J.C. Penney Stares At Liquidity Crunch In 2014

By Mani
Updated on

J.C. Penney Company, Inc. (NYSE:JCP) is set to face a net liquidity gap of $761 million in 2014 as against $853 million surplus in 2013, according to a recent Citigroup report.

J.C. Penney Stares At Liquidity Crunch In 2014

Deborah L Weinswig and Nathan Rich of Citi in their recent updated report on the department store retailer’s cash burn analysis highlights the retailer would end up with surplus cash in 2013, thanks to its tying up for term loan and revolver borrowings.

J.C. Penney downgraded by Citi

In a report last week, Deborah L Weinswig and Nathan Rich of Citi downgraded the retailer from Neutral to Sell as they felt the timeline for recovery had been pushed out until 2014.

The Citi analysts feel J.C. Penney Company, Inc. (NYSE:JCP) would have ample liquidity in 2013, thanks to the retailer tying up a $2,250 million term loan and $850 million in revolver borrowings. These facilities are expected to bridge the gap that might be caused by decrease in operating flow and increase in capex. The analysts feel the century-old retailer would end 2013 with $1,783 million of cash on its balance sheet providing ample liquidity to fund its operations.

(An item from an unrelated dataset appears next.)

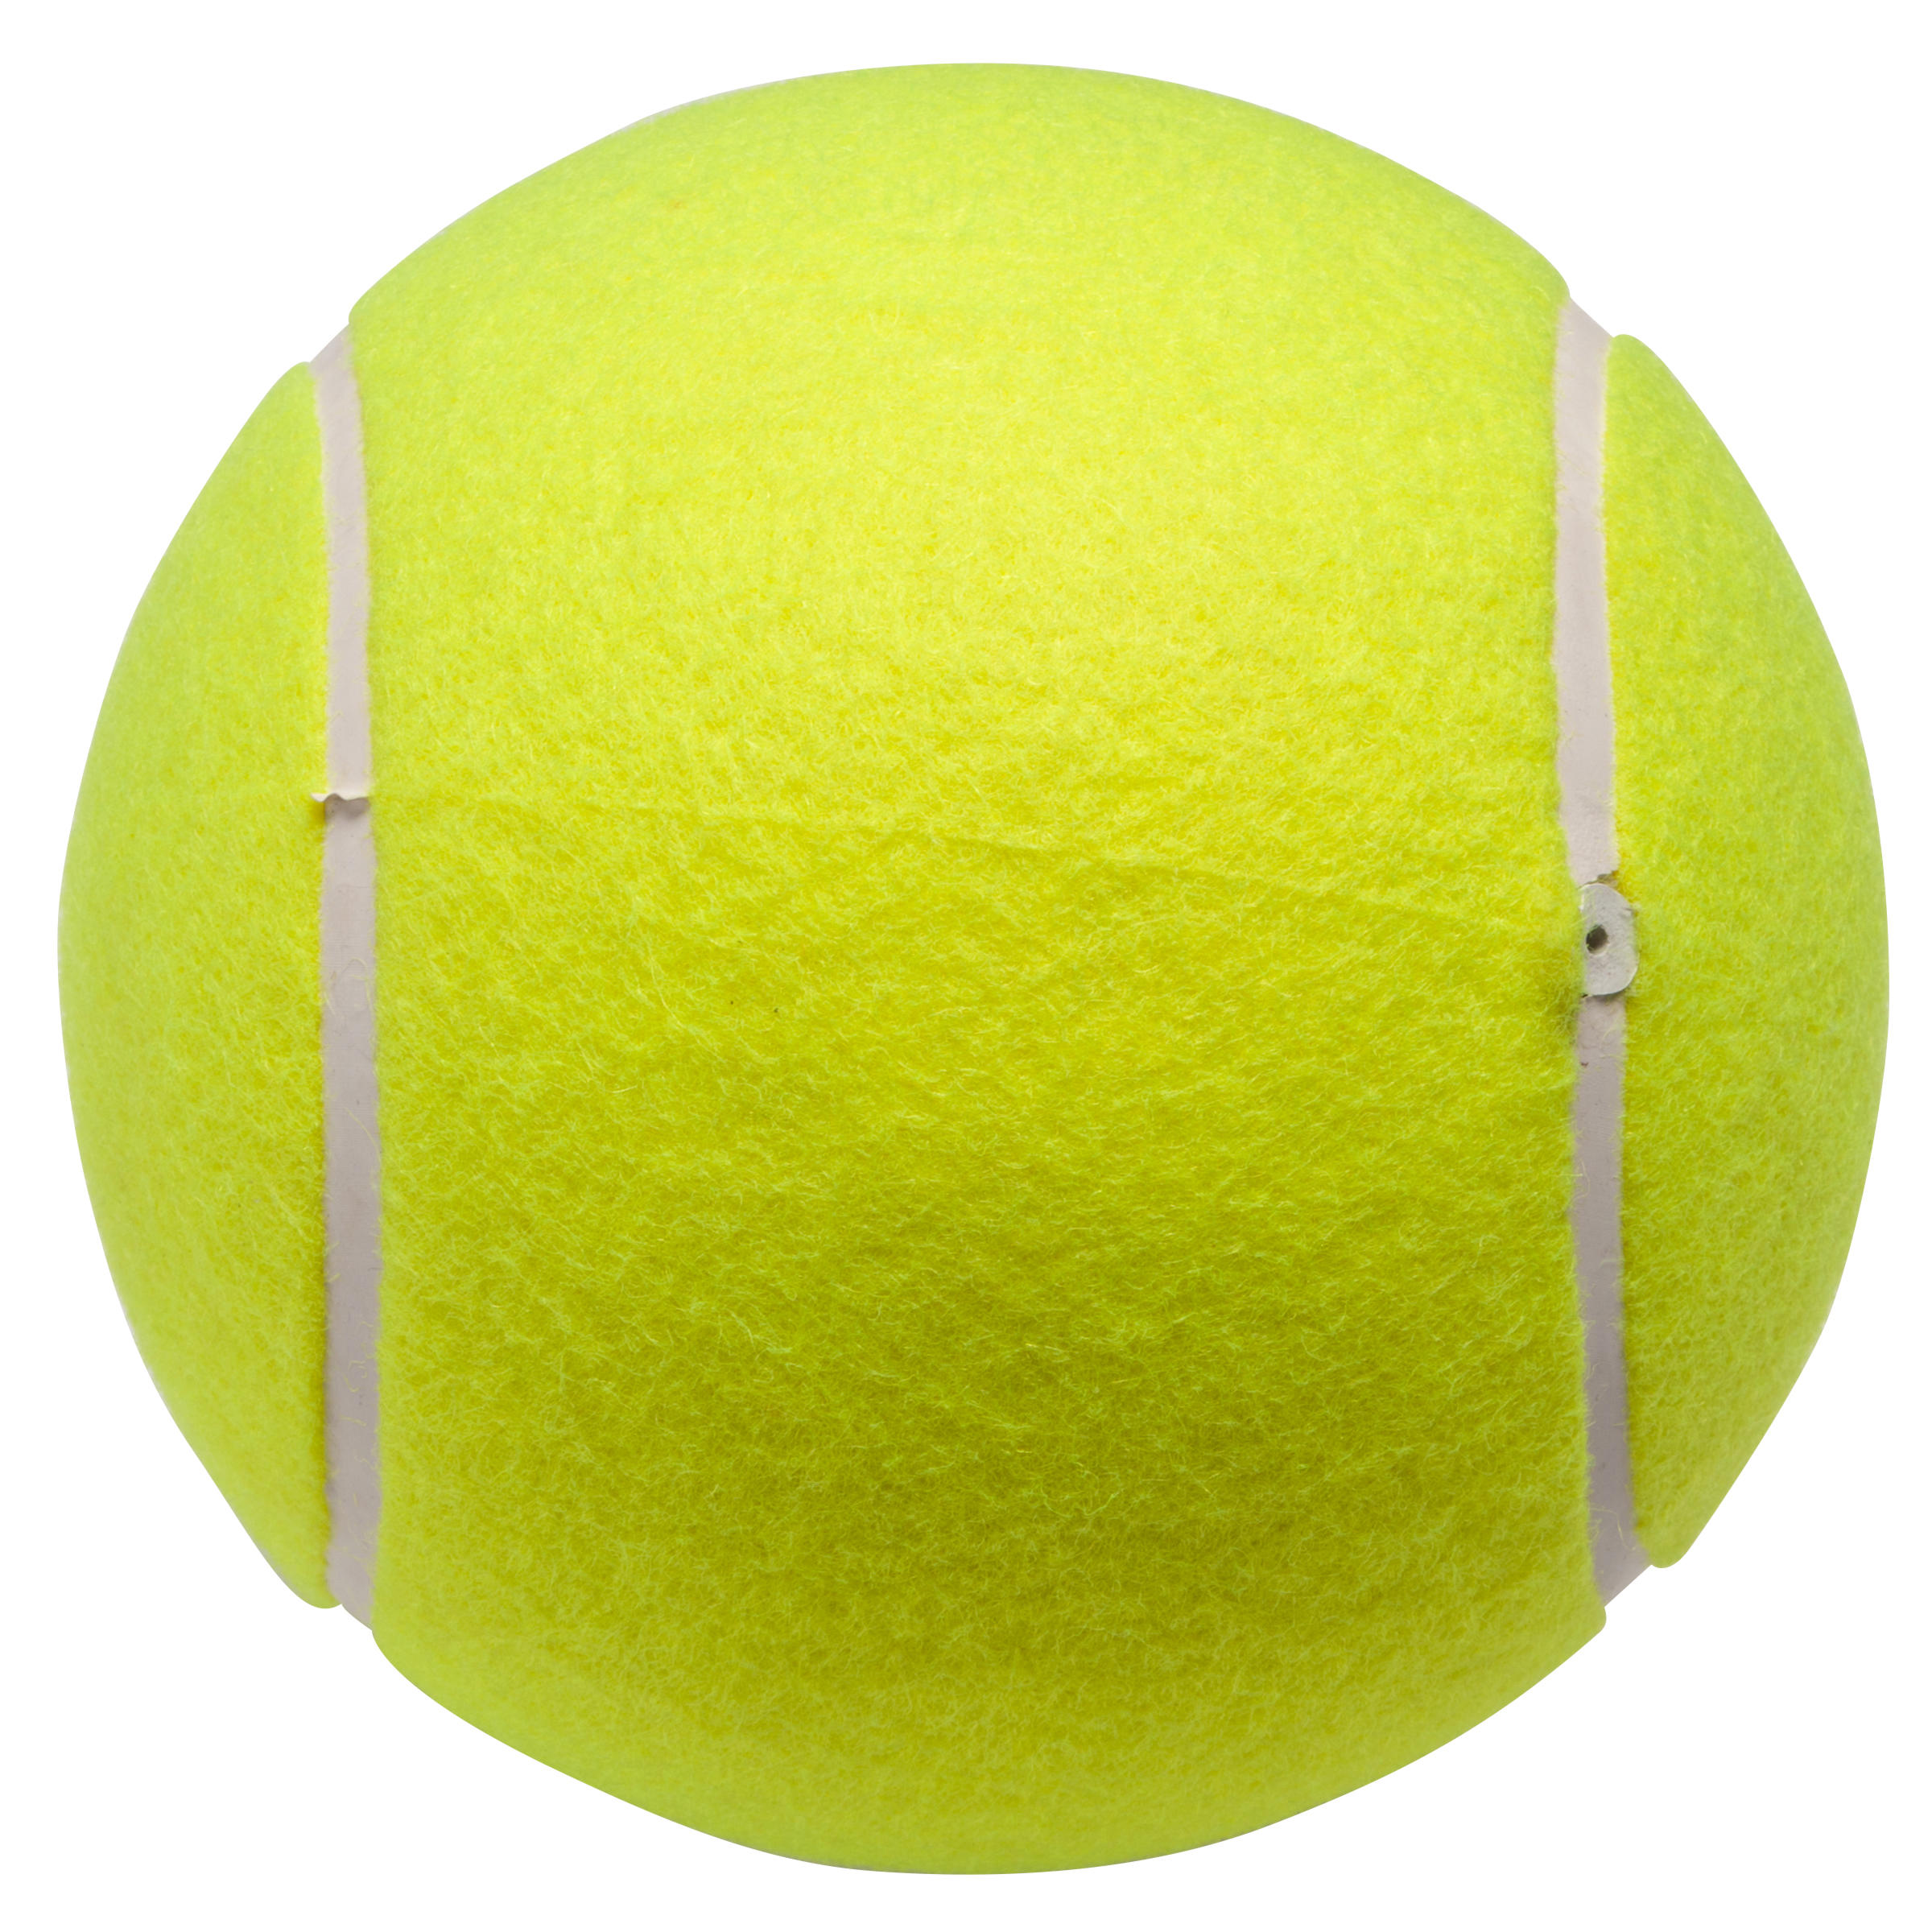 balle de tennis enfant flou Photos

2014 concern; 2015 cash crunch looms

The analysts concur that with no incremental debt financing, the retail major is expected to see a net decrease in cash to the extent of $761 million. The analysts feel investors will be concerned with such a huge cash burn in 2014.

Turning their attention to 2015, the analysts note J.C. Penney Company, Inc. (NYSE:JCP)’s cash level may deteriorate to below $500-700 million before the end of 2015. Citi analysts anticipate the department store retailer would most likely tap its credit facility to bridge its liquidity gaps, as the retailer would be running out of its options to tap additional debt financing in 2015.

Aggressive real estate valuation

Citi analysts termed Cushman & Wakefield’s valuation of the retailer’s real estate at $65 per square feet as aggressive, as the analysts feel $50 per square feet would be reasonable. The analysts estimate nearly 63 percent of total stores of the retailer are in C/D tier malls where their importance has seen a declining trend due to poor response in opening malls.

Fewer options left

Deborah L Weinswig and Nathan Rich of Citi believe the century-old retail major has limited options to raise additional capital, as their secured term loan hampers the ability to issue secured debt. However, the analysts feel the most likely source of liquidity for the retailer would be an additional drawdown on the revolver.

The analysts also note J.C. Penney Company, Inc. (NYSE:JCP) could issue convertible securities and preferred stock, though such options would be more expensive besides potentially diluting its equity holders’ interest.